In Claim II, MBIA alleges that RFC breached the implied covenant of good faith and fair dealing, and, as such, "RFC is responsible for all losses incurred by MBIA whether or not such losses relate directly to non-compliant mortgage loans." Complaint, ¶ 89. Claim III is entitled "Equitable or Implied Indemnification," and seeks to hold RFC liable for all insurance claims against MBIA and other losses incurred by MBIA in connection with the RFC transactions. Claim IV seeks monetary damages on the theory of unjust enrichment. Claims V and VI are for negligent misrepresentation and fraudulent inducement.In addition to the other remedies alleged, the complaint seeks an award of punitive and consequential damages.

In support of its motion for partial dismissal of the complaint, RFC contends that all of MBIA's claims, other than the first claim for breach of contract, should be dismissed as a matter of law for failure to state a cause of action. RFC maintains that MBIA's woes are the direct result of the economic downturn and recession the country began to experience in December 2007, and that rather than live up to insurance contracts that were made for the precise purpose of protecting against borrower defaults, MBIA is attempting to shift its losses to RFC based on a host of tort claims that are, in reality, merely a repackaging of its breach of contract claim.

Turning first to the most serious claim (Claim VI) fraudulent inducement of the Insurance Agreements and Policies the rule is that a fraud claim should be dismissed as redundant only when the fraud alleged is that the defendant was not sincere when it promised to perform under the contract. Mañas v VMS Assoc., LLC, 53 AD3d 451, 453 (1st Dept 2008); 767 Third Ave. LLC v Greble & Finger, LLP, 8 AD3d 75, 76 (1st Dept 2004); The Hawthorne Group, LLC v RRE Ventures, 7 AD3d 320, 323-24 (1st Dept 2004). However, if a plaintiff alleges that it was induced to enter into a transaction because a defendant misrepresented material facts, the plaintiff has stated a claim for fraud even though the same circumstances also give rise to the plaintiff's breach of contract claim (RKB Enters. v Ernst & Young, 182 AD2d 971, 972-973).

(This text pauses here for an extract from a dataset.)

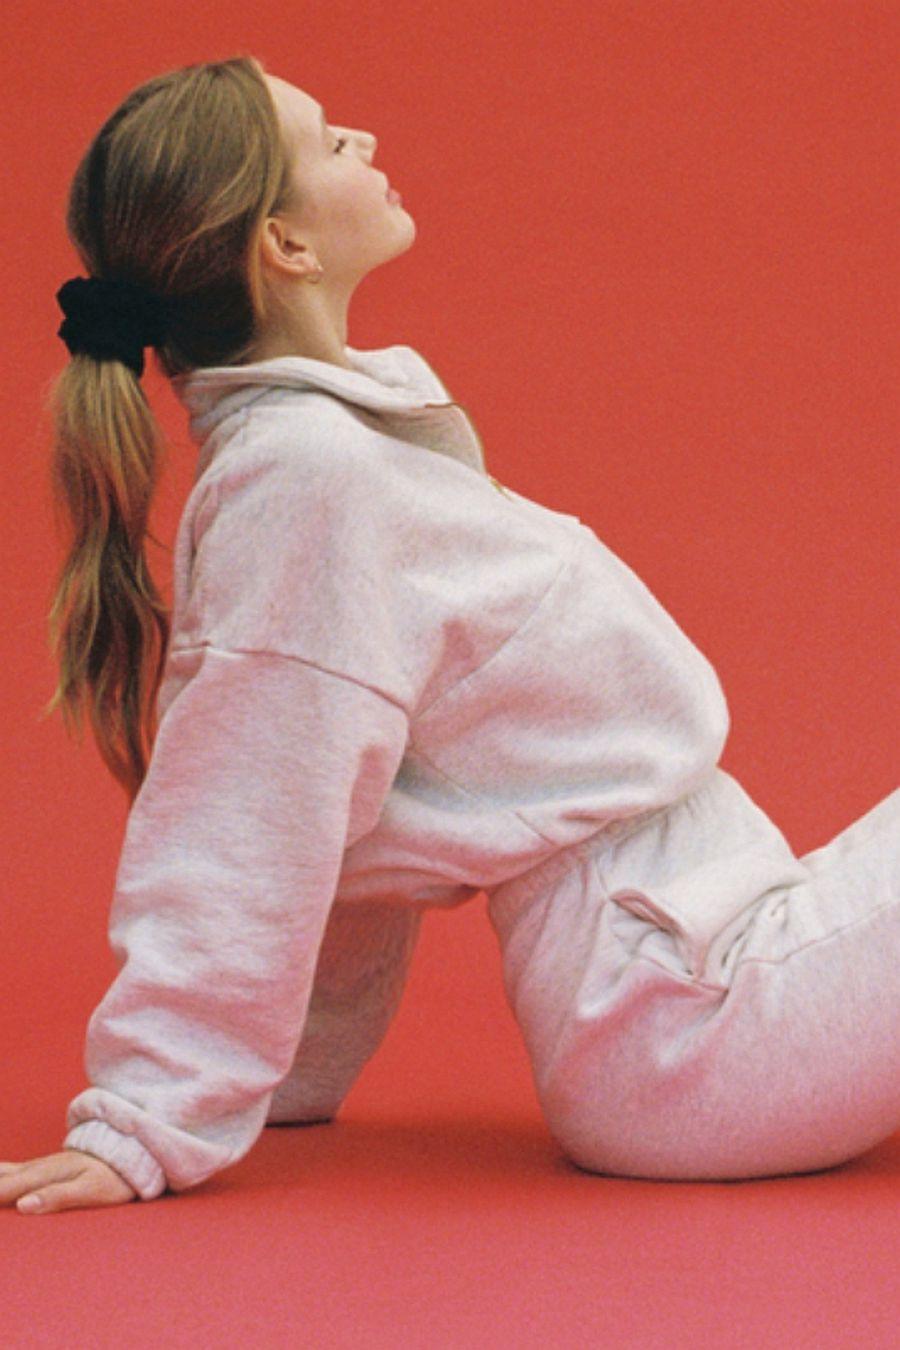 Gil Rodriguez Diana Half-Zip Sweatshirt - Ash Grey

Unlike a misrepresentation of future intent to perform, a misrepresentation of present facts is collateral to the contract (though it may have induced the plaintiff to sign the contract) and therefore involves a separate breach of duty (Deerfield Communications Corp. v Chesebrough-Ponds, Inc., 68 NY2d 954, 956).

[*5]First Bank of Americas v Motor Car Funding, Inc., 257 AD2d 287, 291-92 (1st Dept 1999); see also Merrill Lynch & Co. Inc. v Allegheny Energy, Inc., 500 F3d 171, 184 (2d Cir 2007).

MBIA argues that its fraud and breach of contract causes of action are entirely distinct. MBIA's fraudulent inducement cause of action is based on RFC's representations, warranties and disclosures with respect to the credit characteristics of the mortgage loan pools included in the data tapes, schedules and other statistical information that were provided to MBIA, as well as falsely-induced shadow credit ratings. The breach of contract cause of action is allegedly limited to RFC's failure to comply with the Loan Breach Remedy Procedure with respect to specific, non-compliant loans identified in MBIA's May and September 2008 notice letters. MBIA further contends that the Loan Breach Remedy Procedure was never intended to address a scenario in which RFC's breaches of its representations and warranties were so massive and pervasive that RFC undermined the entire basis under which MBIA agreed to issue the Policies.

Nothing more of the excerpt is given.